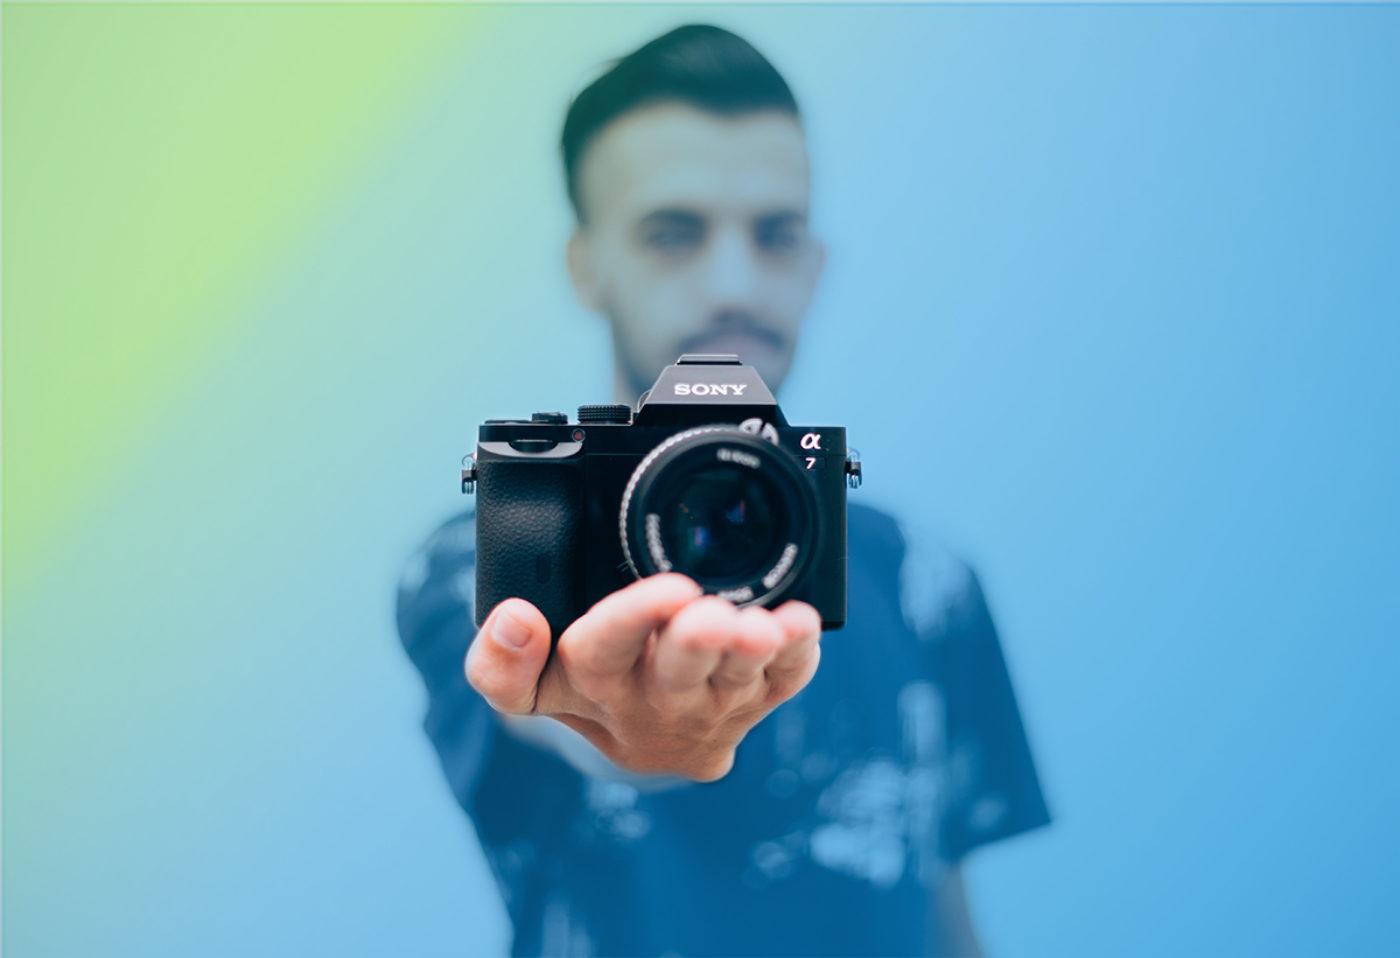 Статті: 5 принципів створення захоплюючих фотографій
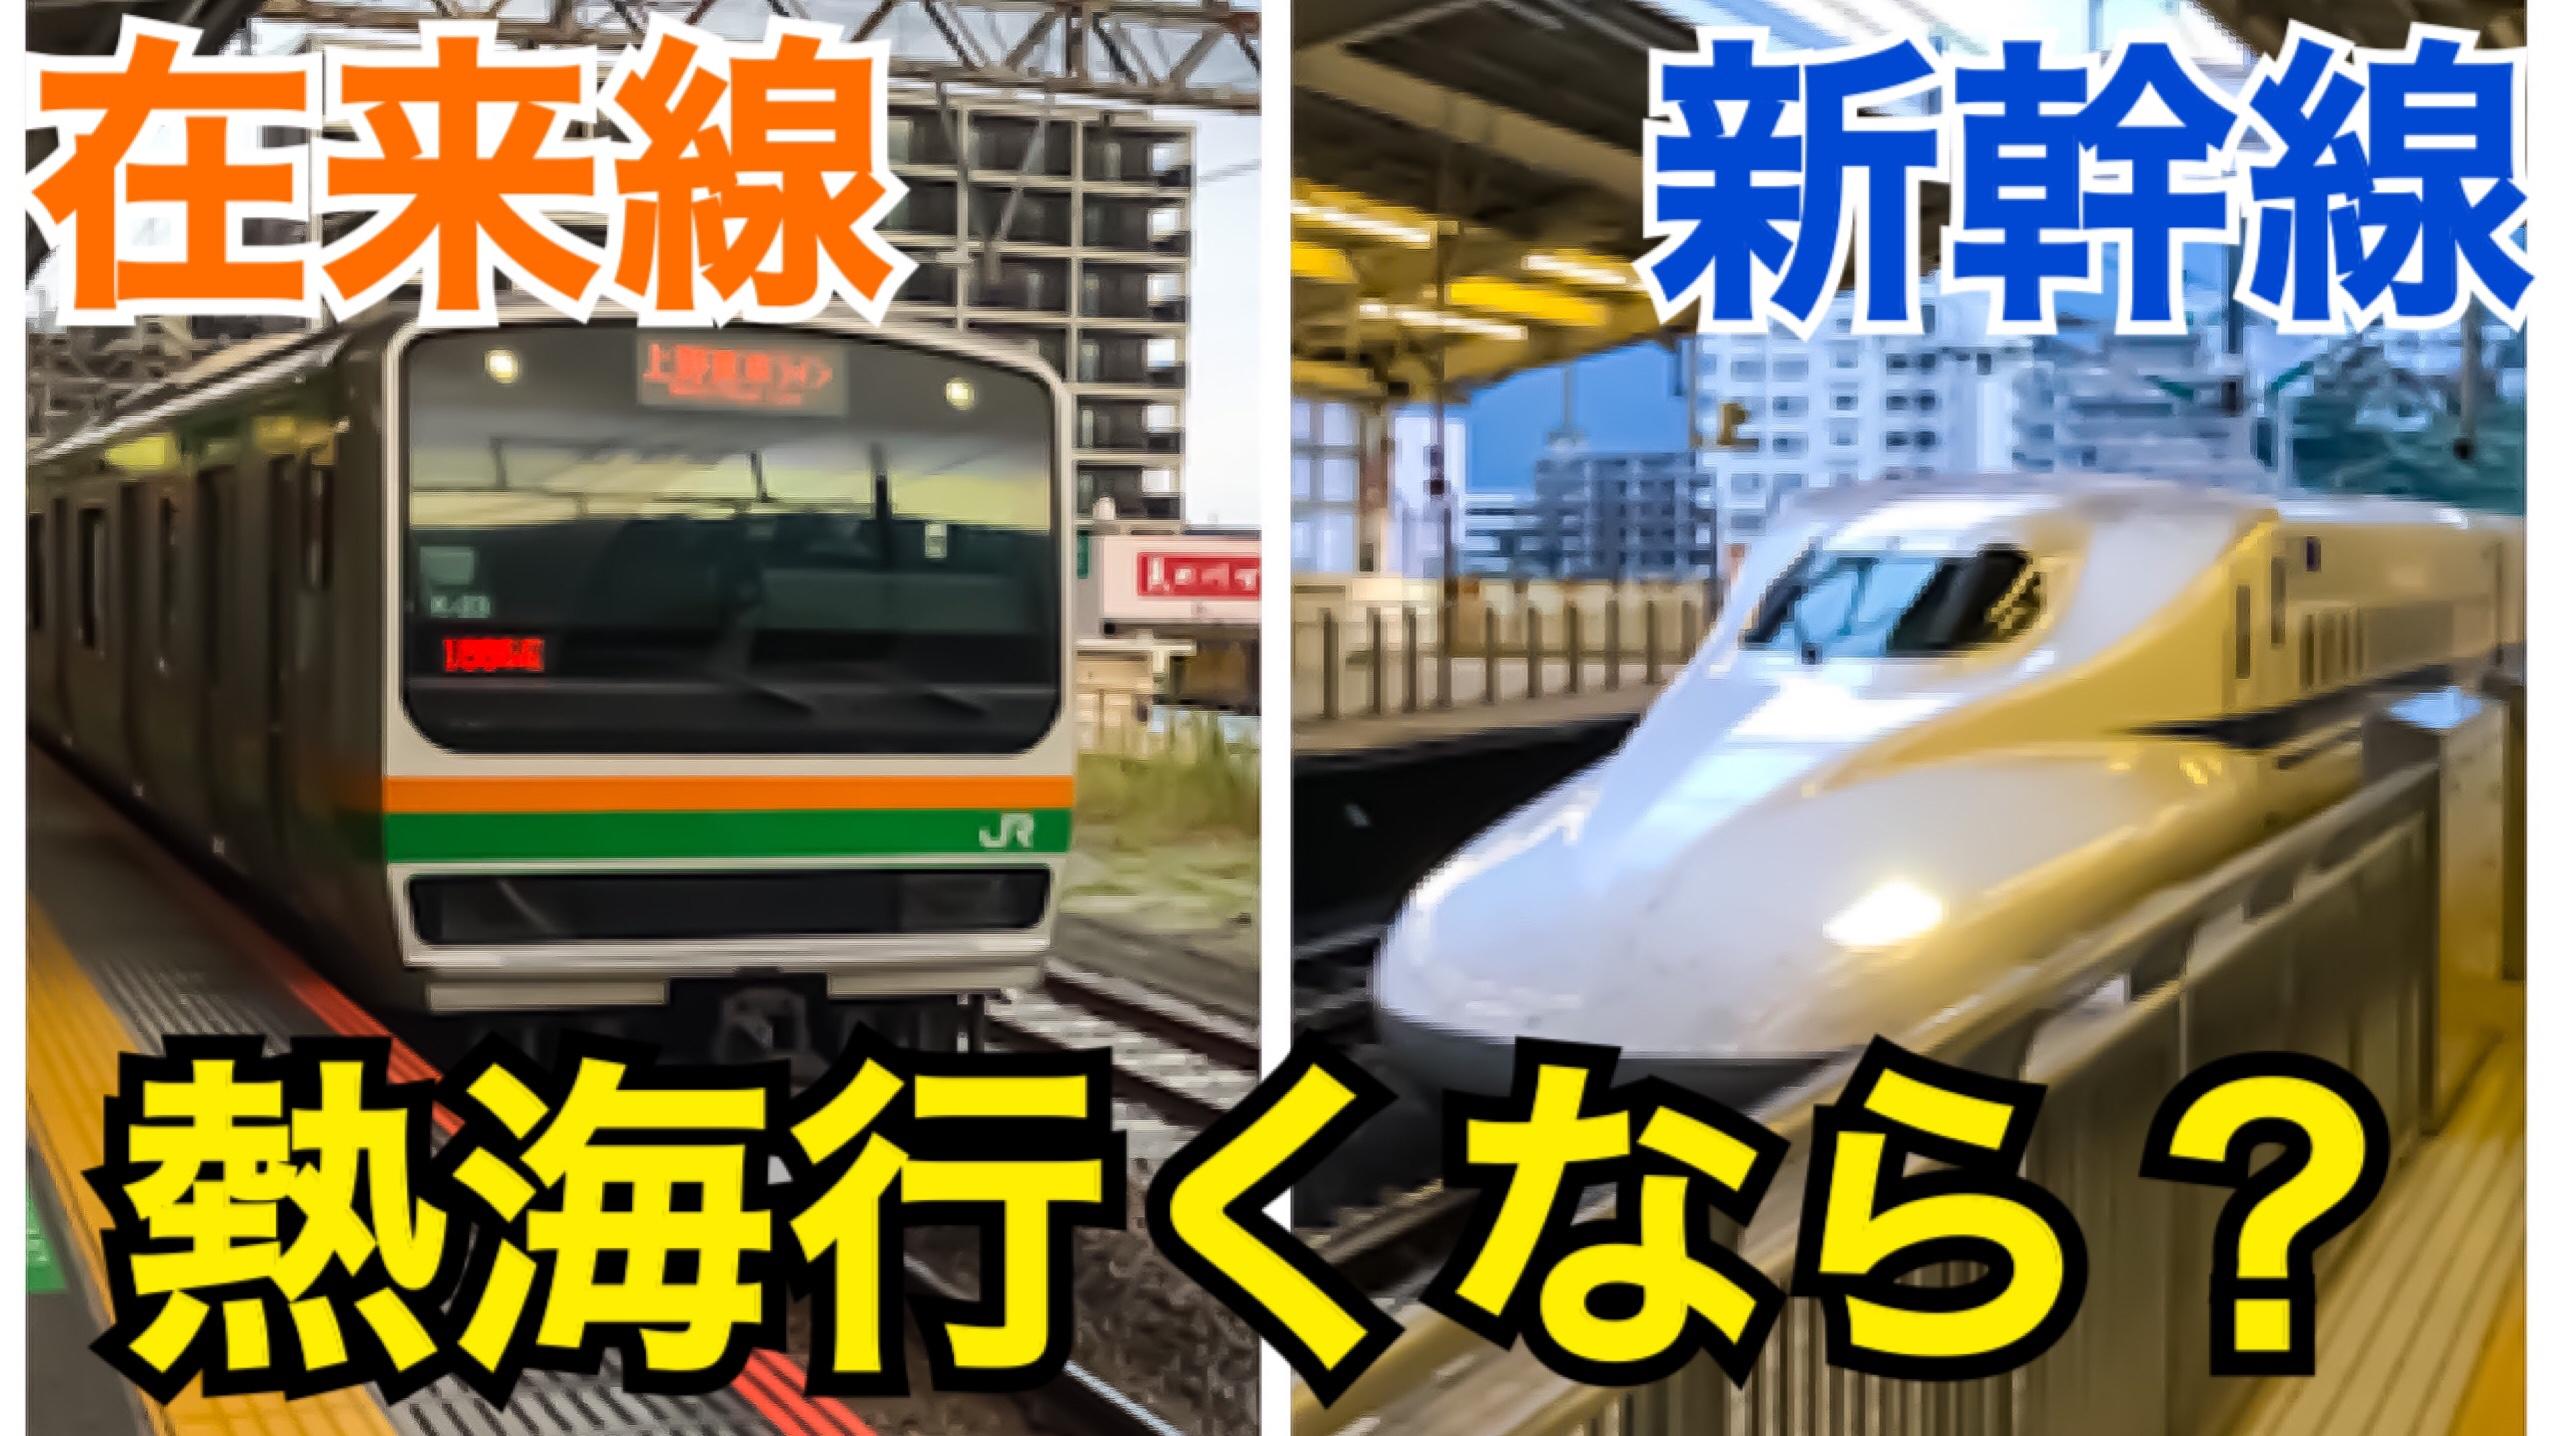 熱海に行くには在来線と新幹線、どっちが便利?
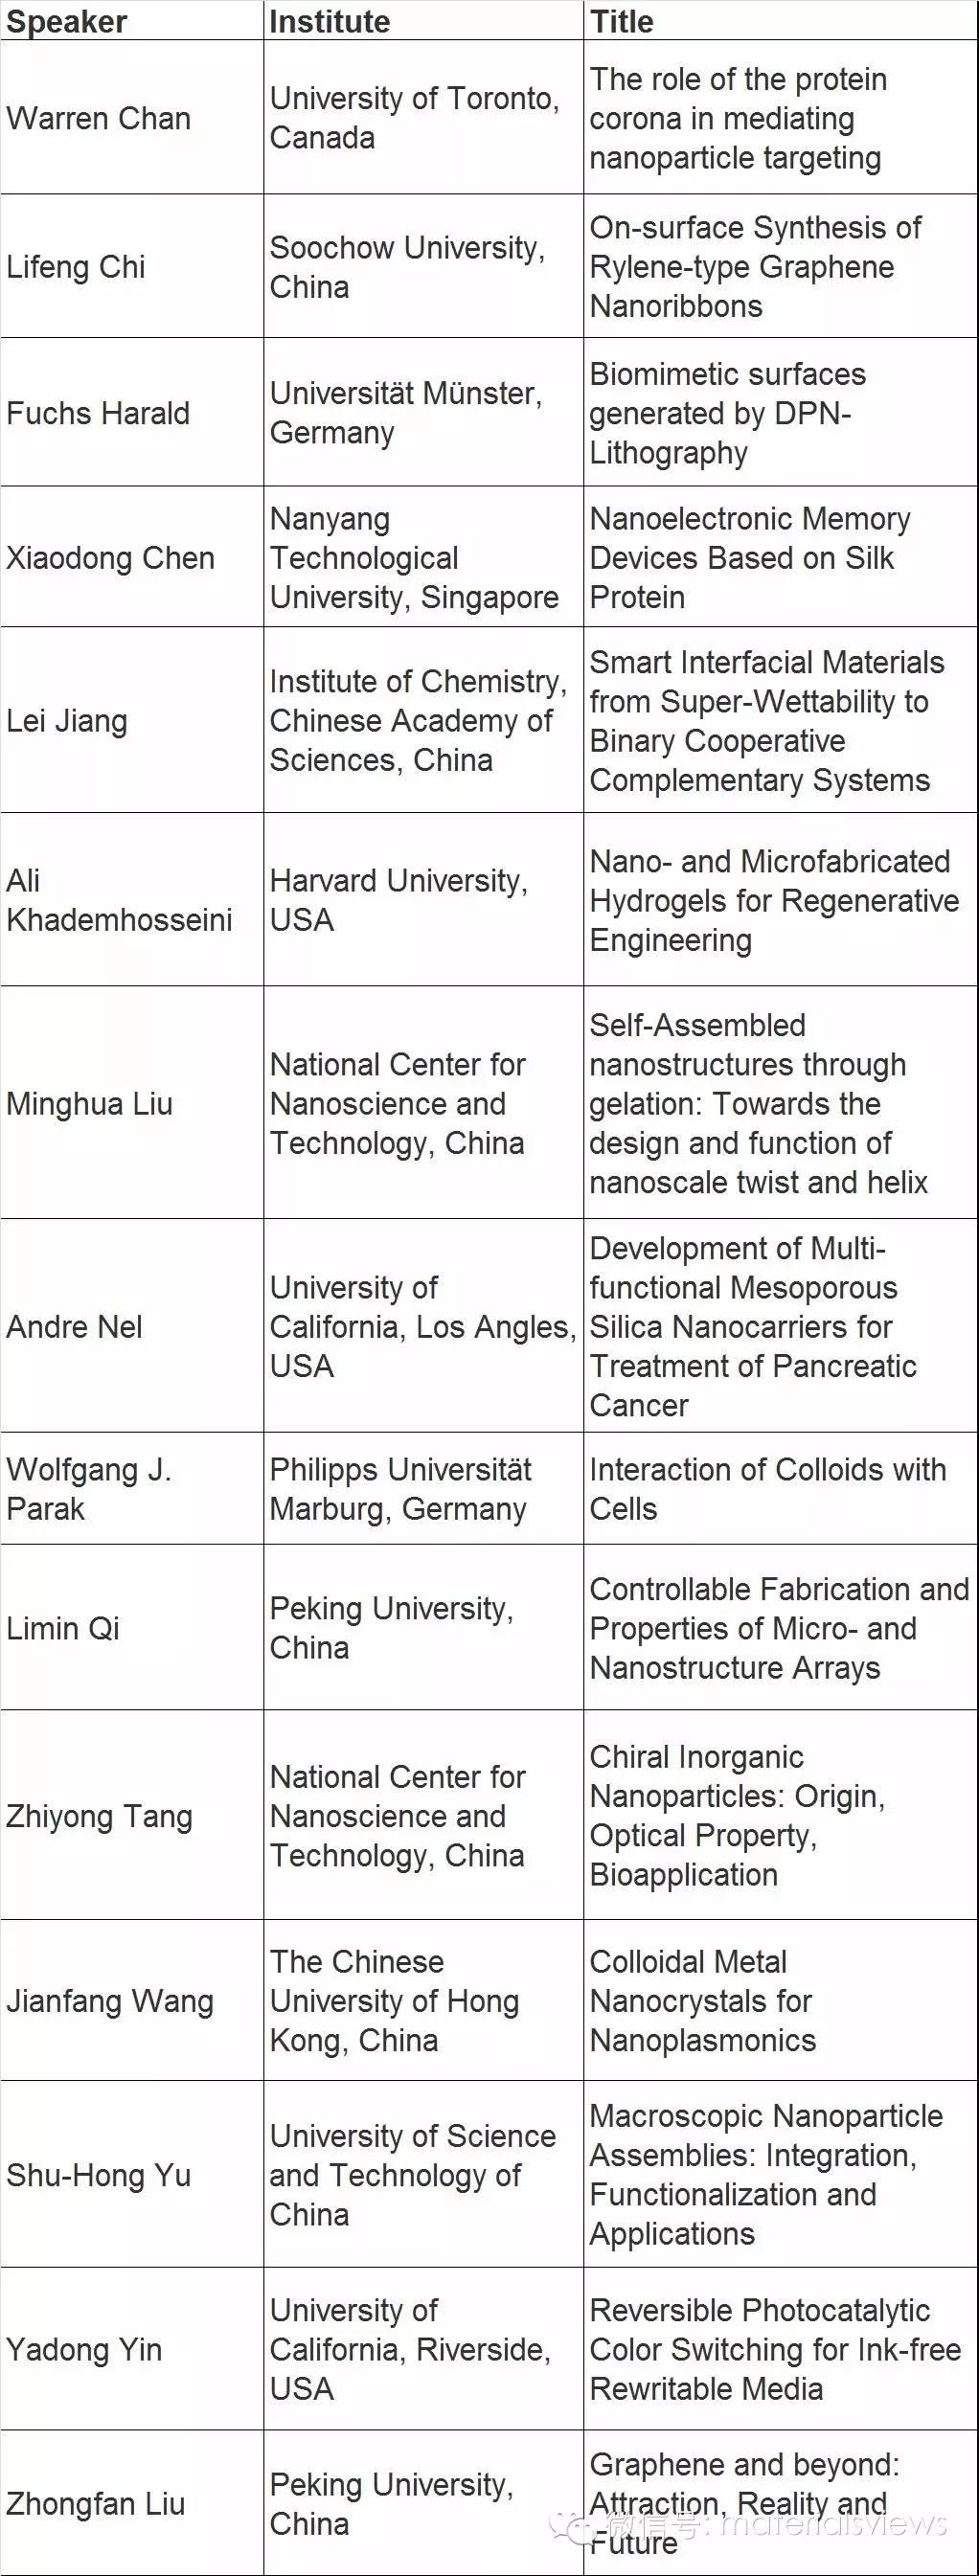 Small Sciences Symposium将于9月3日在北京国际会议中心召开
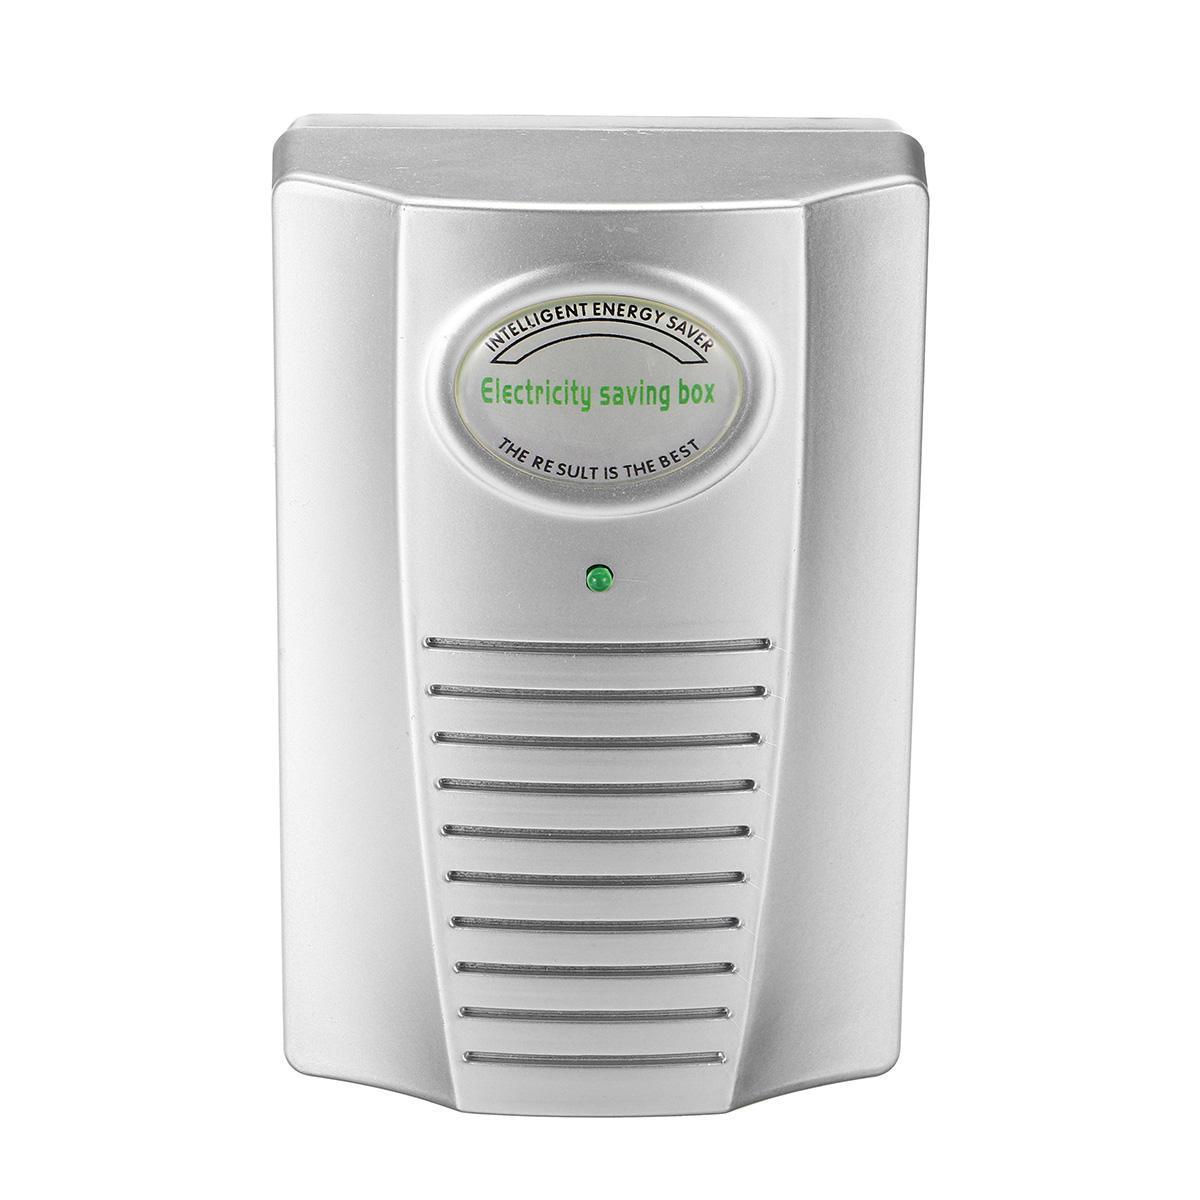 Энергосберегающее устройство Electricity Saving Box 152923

Task details
Every line above has to be output exactly; the pictures must be dropped.

Exercise response
 Статті: 5 принципів створення захоплюючих фотографій
 熱海に行くには在来線と新幹線、どっちが便利?
 Small Sciences Symposium将于9月3日在北京国际会议中心召开
 Энергосберегающее устройство Electricity Saving Box 152923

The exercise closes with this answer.